In recent Korean studies [21, 22] looking at sex differences in arterial stiffness in middle-aged men and women, it was shown that aortic pulse wave velocity and brachial arterial pulse pressure amplification were both greater in men compared with women. Aortic PWV was assessed by carotid-to-femoral PWV as the common choice in the clinical setting. Radial artery tonometry–derived aortic AIx was obtained by way of transfer function. Pulse pressure amplification was obtained as the ratio of brachial arterial pressure to derived aortic pressure. Women have a greater AIx as shown by others. AIx was significantly correlated with age, Pd, and serum cholesterol levels.

Carotid-to-femoral PWV has been widely used as supposedly providing an indication of large-artery stiffness, i.e., of the aorta. It should be noted here that controversies exist because of the differing pulse transmission paths taken by the carotid and femoral arteries, in other words, opposite directions from the aortic arch junction.

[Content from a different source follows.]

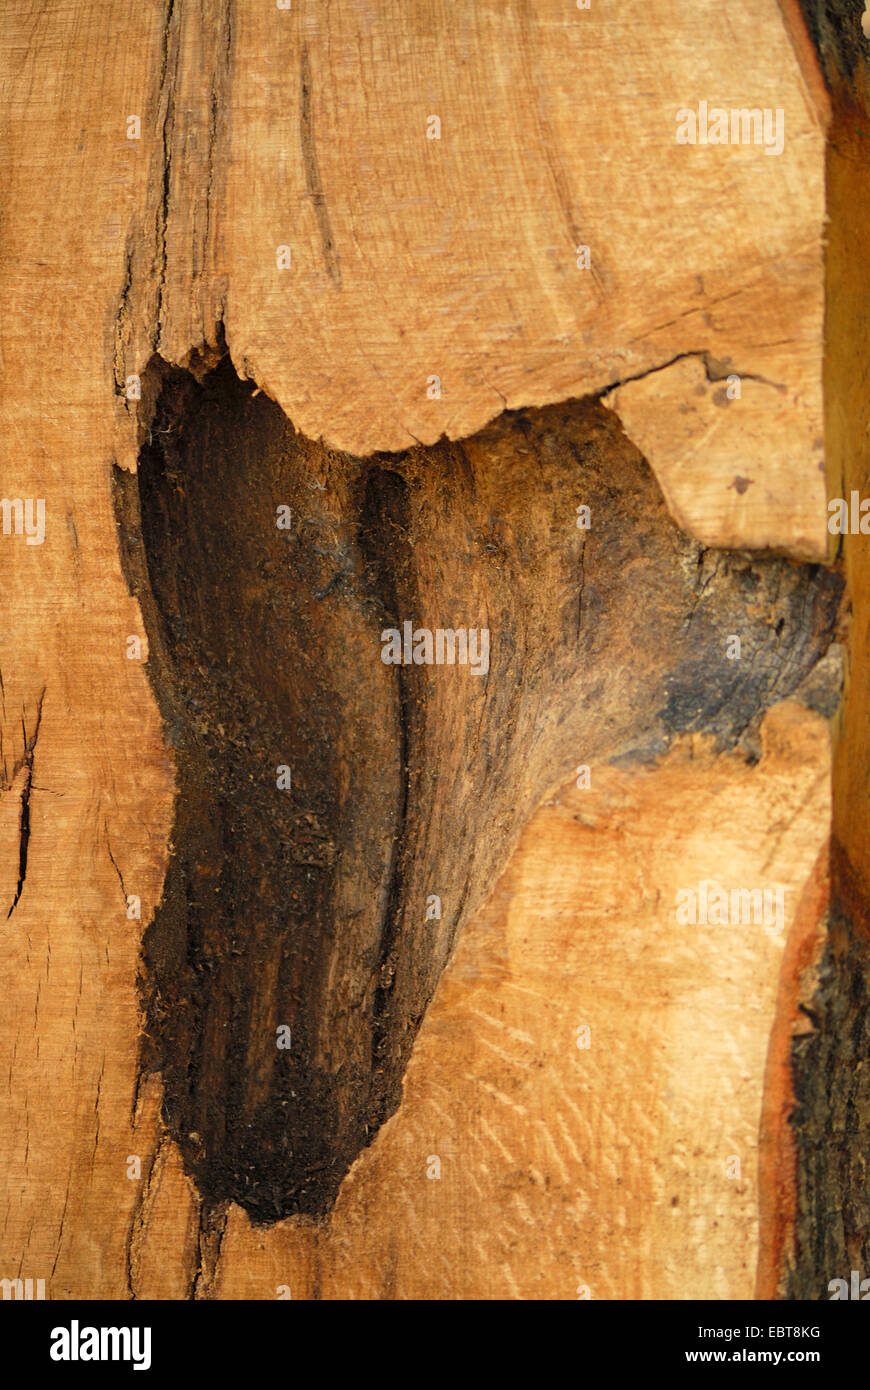 Il picchio, wrynecks, piculets (Picidae), la sezione trasversale del tronco di un albero con un picchio in cavità, Germania Foto Stock

A Chinese study by Liu et al. [37], based on radial artery monitoring, showed no difference between middle-aged men and women groups despite greater body weight and height in men. A Japanese study by Tomiyama et al. [49], using brachial–ankle pulse wave velocity (baPWV) as an index of vascular stiffness, showed that baPWV is greater in men than women. The difference, however, disappears when women reach menopause. This is attributed to the vasodilator effect of estrogen [10]. A study by Nishiwaki et al. [39], using the cardio–ankle vascular index (CAVI) initially proposed by Shirai et al. [46], showed that CAVI increases with age, as expected, and is greater in men than in women.